A seconda dei casi, la documentazione andrà integrata con ulteriori elementi. Prima di procedere con la richiesta, sarà necessario assicurarsi di aver ottenuto tutte le informazioni sulla documentazione da inviare per poter ottenere il mutuo prima casa.

Anche un solo piccolo errore, come un documento mancante, potrebbe rallentare l’approvazione della richiesta e la successiva erogazione del mutuo stesso. Per questo motivo, è importante prendersi tutto il tempo necessario per mettere assieme la documentazione per la richiesta del mutuo al fine di essere certi di aver raccolto tutti i documenti necessari per l’approvazione.

Dopo aver acquisito tutta la documentazione che il richiedente dovrà mettere assieme in modo autonomo, la banca procederà con tutti i dovuti accertamenti, necessari per valutare la veridicità dei documenti ricevuti. Terminati anche gli accertamenti, in caso di esito positivo, la banca procederà con l’erogazione del mutuo dando riscontro immediato al cliente che riceverà tutte le informazioni relative al contratto ed alla stipula dell’atto di finanziamento.

Agevolazioni mutuo prima casa

L’ottenimento del mutuo per l’acquisto della prima casa permette all’acquirente di accedere ad una serie di agevolazioni di natura fiscale che rappresentano un incentivo al completamento dell’acquisto dell’immobile. Il richiedente che ha ottenuto il mutuo per l’acquisto della “prima casa” potrà sfruttare una detrazione fiscale pari al 19% degli interessi passivi.
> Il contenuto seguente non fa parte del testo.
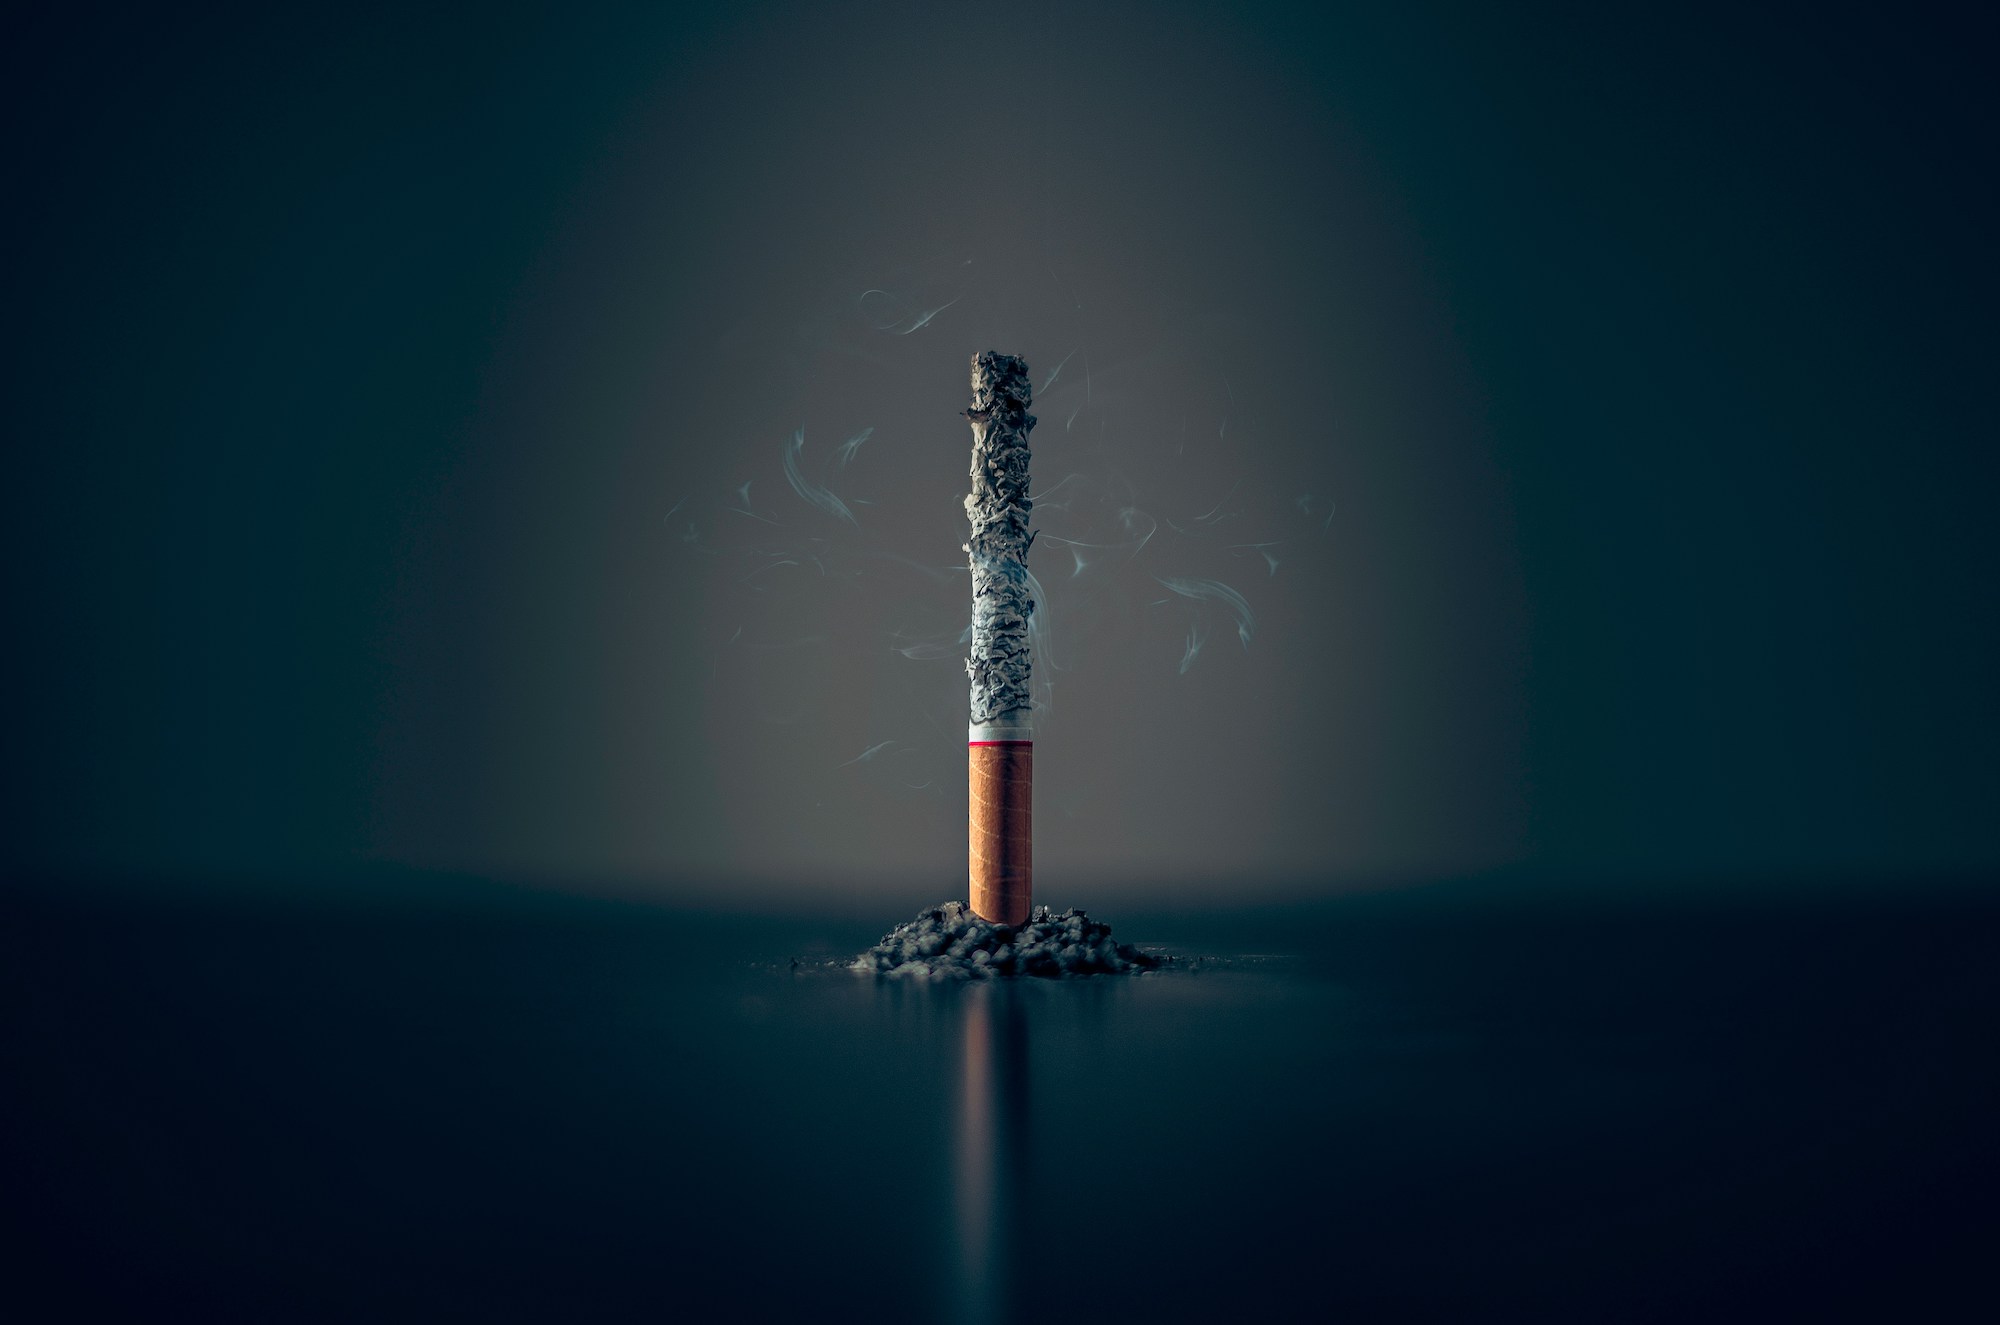 Popredný výrobca IQOS čelí regulačným výzvam: Je bezdymové fajčenie naozaj zdravšie?

La possibilità di sfruttare questo sistema di agevolazione fiscale consente a chi va a richiedere il mutuo di poter sfruttare una serie di vantaggi aggiuntivi e, quindi, di andare a ridurre le spese complessive legate all’acquisto dell’immobile da adibire a “prima casa” e, quindi, ad abitazione principale.

L'importo massimo, comprensivo di oneri accessori, da cui calcolare la detrazione del 19% prevista dalla normativa è pari a 4 mila Euro all’anno. Di conseguenza, se nel corso di un anno si pagano interessi passivi superiori a 4 mila Euro, la detrazione massima ottenibile sarà sempre pari al 19% di 4 mila Euro. DI conseguenza, grazie a quest’agevolazione è possibile ottenere una riduzione dell’imposta pari ad un massimo di 760 Euro per ogni anno in cui viene richiesta l’agevolazione.
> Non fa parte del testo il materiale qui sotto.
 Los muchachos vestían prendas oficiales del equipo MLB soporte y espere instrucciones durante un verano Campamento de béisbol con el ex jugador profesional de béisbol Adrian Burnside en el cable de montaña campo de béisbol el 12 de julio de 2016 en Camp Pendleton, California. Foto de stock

Nell’agevolazione possono essere inclusi anche i costi d’istruttoria e della perizia bancaria, il costo dell’atto notarile e le impostate pagate sul mutuo. Resta escluso l’atto di compravendita. Il beneficiario dell’agevolazione deve essere anche l'intestatario del contratto di mutuo.
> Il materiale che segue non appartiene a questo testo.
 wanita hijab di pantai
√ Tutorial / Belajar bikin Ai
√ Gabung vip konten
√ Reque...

Per poter accedere alle agevolazioni relative all’acquisto della prima casa si dovranno rispettare specifici requisiti:

  • l’immobile “prima casa” non può essere un immobile considerato “di lusso” al fine di ottenere le agevolazioni;

  • l’acquirente, per ottenere le agevolazioni, deve essere una persona fisica;

  • l’acquirente non può essere proprietario, anche in comunione con il coniuge, di un altro immobile acquistato con l’agevolazione “prima casa”;

  • al momento dell’acquisto, l’acquirente non deve possedere un altro immobile abitativo ubicato nell’area dello stesso Comune in cui è ubicato l’immobile per chi si richiedono le agevolazioni “prima casa”;

  • entro 18 mesi dal rogito, l’acquirente deve portare la residenza nello stesso comune dell’immobile acquistato con le agevolazioni “prima casa”; nel caso in cui la residenza non venga spostata entro i tempi previsti dalla normativa, si registrerà la decadenza delle agevolazioni;

Per poter ottenere le agevolazioni legate all’acquisto della prima casa è, quindi, necessario assicurarsi di poter contare su tutti i requisiti previsti dalla normativa. Il mancato rispetto anche di un solo requisito, infatti, farà decadere la possibilità di accedere alle agevolazioni rendendo così meno conveniente il mutuo con cui si è completato l’acquisto dell’immobile adibito ad abitazione principale.

Le agevolazioni sono una risorsa importante per chi procede con l’acquisto della prima casa e si traducono in una considerevole opportunità di risparmio, sia nel breve che nel lungo periodo.